Ler um texto, do evangelho, de um salmo ou de um santo, nem sempre é oração. A oração não é um mero acto de leitura. Tudo depende da nossa disposição interior. E por vezes podemos estar a ler textos sobre Deus e sobre a Santidade sem que isto nos toque e nos faça, não só meditar, mas acima de tudo interiorizar e pensar sobre o grande dom que é a Palavra de Deus para os homens de hoje.

Muitas vezes rezamos como os papagaios. Dizemos muitas palavras e até fórmulas feitas e assim caímos numa simples recitação de memória. É o que referimos a rezar de cor e salteado. Por outro lado, dado o uso tão frequente que fazemos dessas fórmulas, podemos cair na rotina. Um dos grandes perigos da oração.

Sentir o gostinho e interiormente bem, nem sempre é sinal de oração. Quando se sente a presença de Deus, é normal experimentar uma sensação muito especial e indiscritível dentro de nós, que não podemos explicar com palavras. Mas, sentir-se à vontade nem sempre é sinal de oração. Há vezes em que o próprio relaxamento pode produzir um estado muito agradável sem que isso diga nada a favor ou contra a oração.

Por vezes confundimos oração com reflexão. Reflectir na vida ou até mesmo sobre uma passagem da Escritura, mas sem estabelecermos nenhum diálogo com Deus. A oração não é um monólogo, mas um diálogo entre duas pessoas que se amam. E claro está a melhor maneira de orar é através da minha vida que se faz oblação e entregue ao meu Deus e Senhor.

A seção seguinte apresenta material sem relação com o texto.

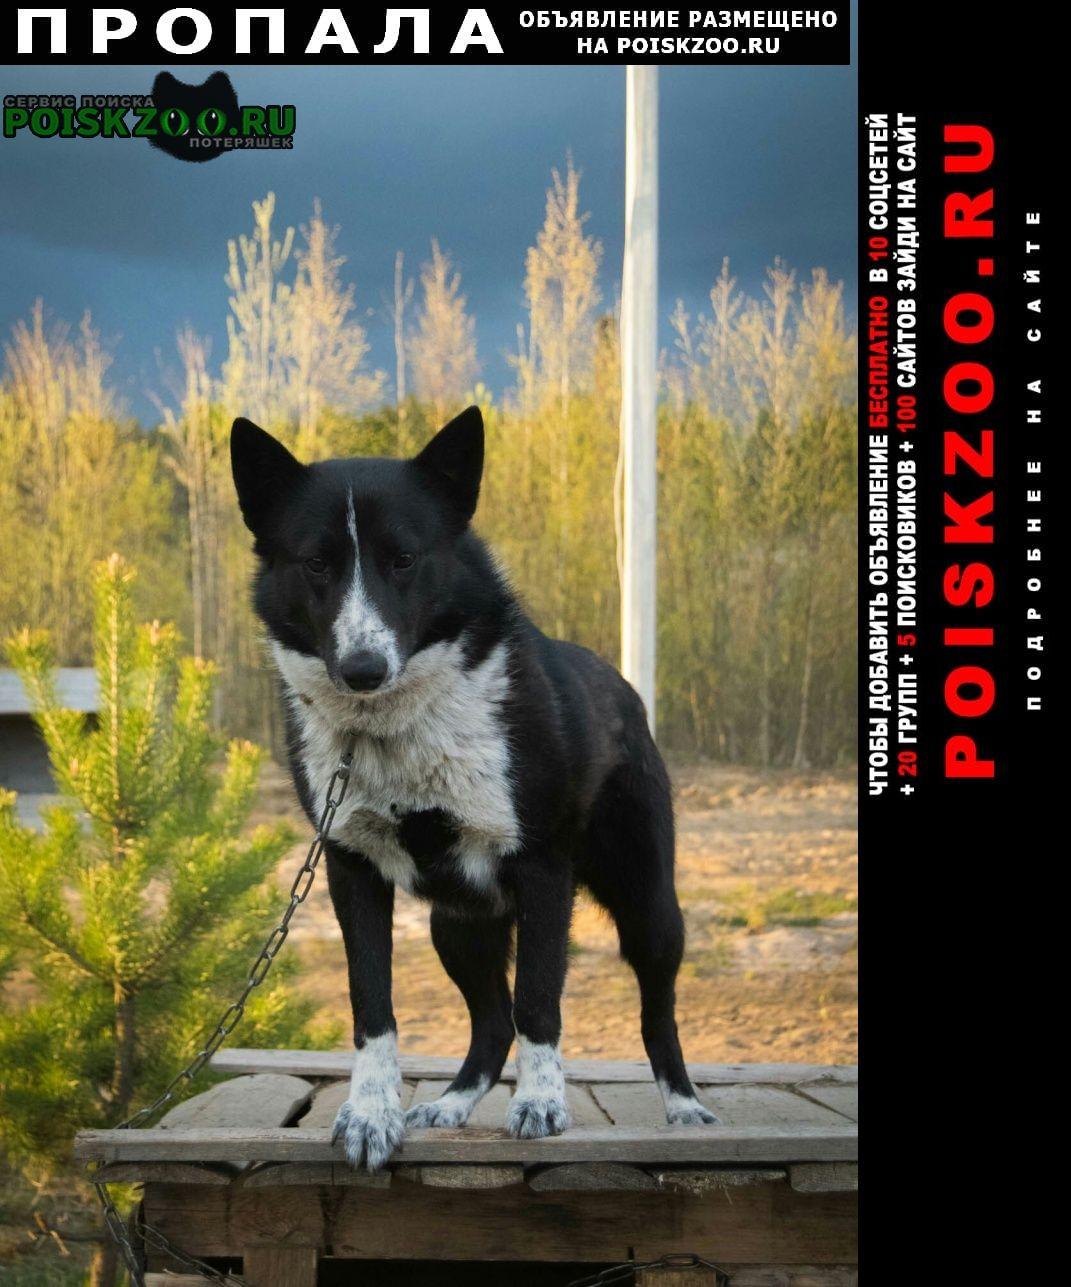 Пропала собака кобель Ломоносов

Fazer coisas não é oração. Cair na tentação de organizarmos grandes celebrações, vigílias, representações não significa oração. Os esquemas feitos não são fins em si mesmo. Apenas devem ser meios para nos dispor a uma atitude de oração interior e silenciosa.

Acender uma vela ou ter imagens de santos em casa não significa logo uma atitude de oração. A oração não se faz através de objectos mas com atitude interior. Está claro que os símbolos nos podem aproximar de Deus e ajudar-nos a uma atitude orante. Mas não duma forma automática.

Uma peregrinação a Fátima ou a qualquer santuário ou uma procissão não é sinónimo de fé e de oração. Nem sempre estes espaços e momentos significam atitude interior de quem reza. Antes pelo contrário, há, hoje, nestes espaços sagrados e de silêncio muitos comportamentos que em nada convidam à oração.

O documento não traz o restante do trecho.